How can companies manage the handling of business related and personal data without jeopardizing an investigation?
- Obtain written consent from the relevant individuals if possible – Collection and handling of personal data (as well as business related data/communications intermingled with personal data) as part of an investigation without an individual employee’s consent may result in the affected employee bringing a lawsuit against the company or file complaints to various local authorities. The best time to give this notice, and get this consent, is at employee onboarding, as part of the standard employee privacy notice/consent.
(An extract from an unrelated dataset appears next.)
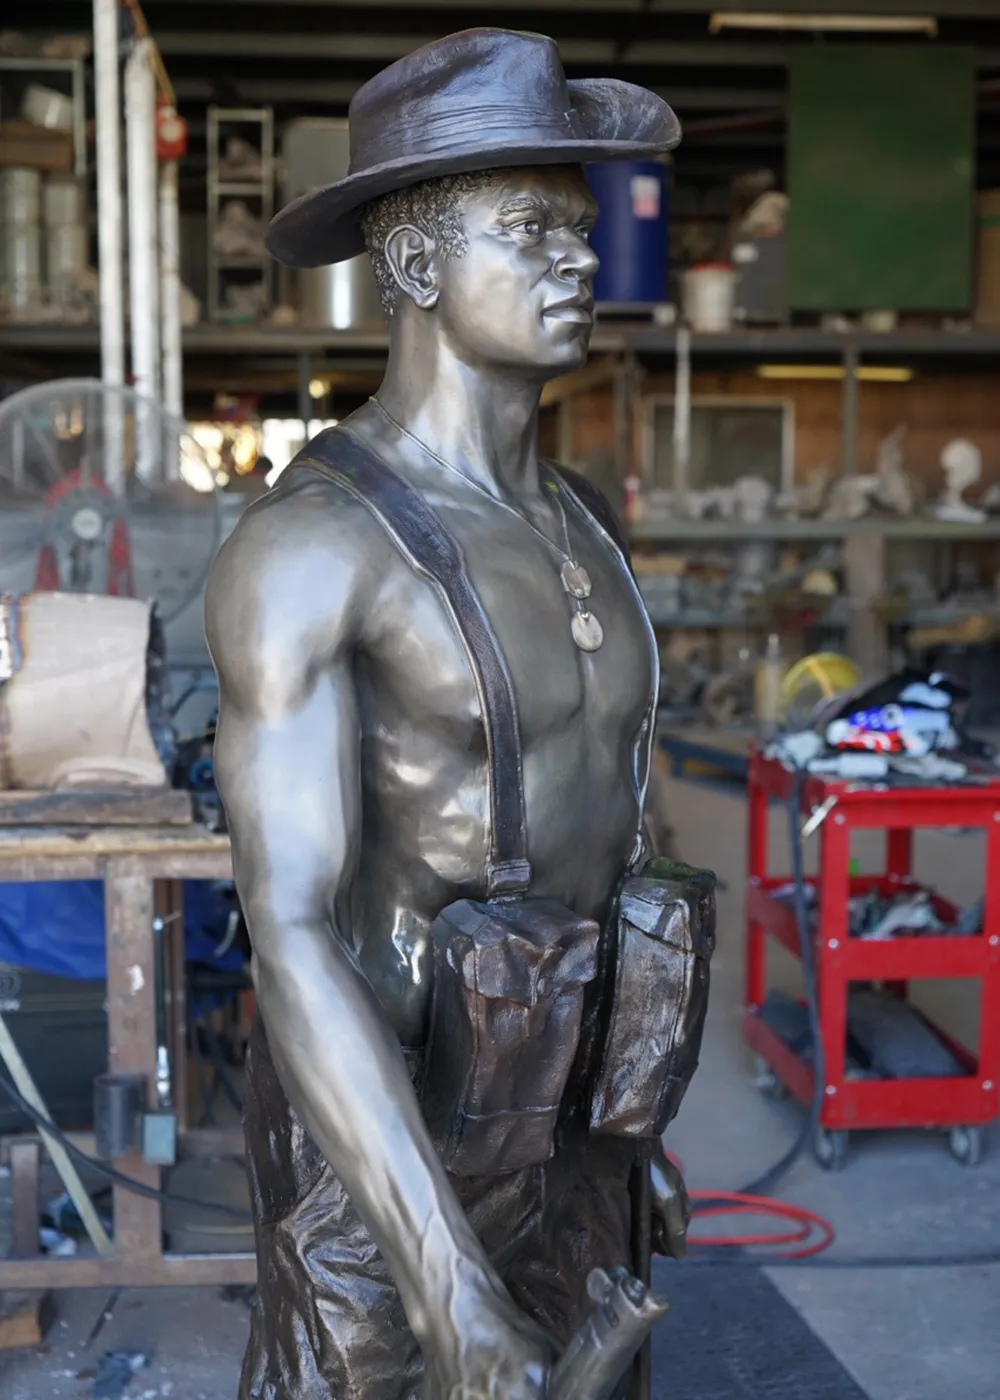 Full-length view of the intricately detailed bronze statue created by Sculpt Studios, representing the valor of the Torres Strait Islander soldiers from the WW2 Light Infantry Battalion.

It can be more difficult to get such consent in the midst of an investigation.
- Involve local IT and legal teams to handle the locally stored server data: Ensuring that data stored and backed up to local servers are handled by the local entity’s local IT and legal teams based in Mainland China, instead of individuals based outside of Mainland China. This will help to avoid creating potential cross-border transfer issues.
- Redact personal data before cross-border transfer: Making redactions on any personal information identified during the investigation before sending relevant materials / data to any reviewers outside of China. However, as mentioned above, keep in mind that certain non-personal data is also subject to data localization restrictions.
What can companies do to reduce these risks and challenges in advance of any investigation?
A number of proactive steps can also be taken well in advance of any investigation:
- Establishing internal policies to require employees to use only company issued devices for work related communications and business, and around use of WeChat and similar platforms.
- At the employee on-boarding stage, have the employee agree to privacy and use of data notices and consents with sufficient scope to cover the collection, process, review, transfer and cross-border access/transfer of data for the purposes of investigations. The PIPL has introduced new “separate” consent requirements, on top of existing “express” and “explicit” consent requirements, for certain activities, meaning that organizations should be reviewing and updating their employee consent language before November 1, 2021.
- Provide training to the IT and legal teams regarding the relevant personal data protection laws in China including (given the extra-territorial effect of the DSL and PIPL) to China data stored outside of China.
- Consider setting up corporate accounts on social messaging platforms such as WeChat and mandating the use of the same for business- and work-related communications instead of use of personal accounts.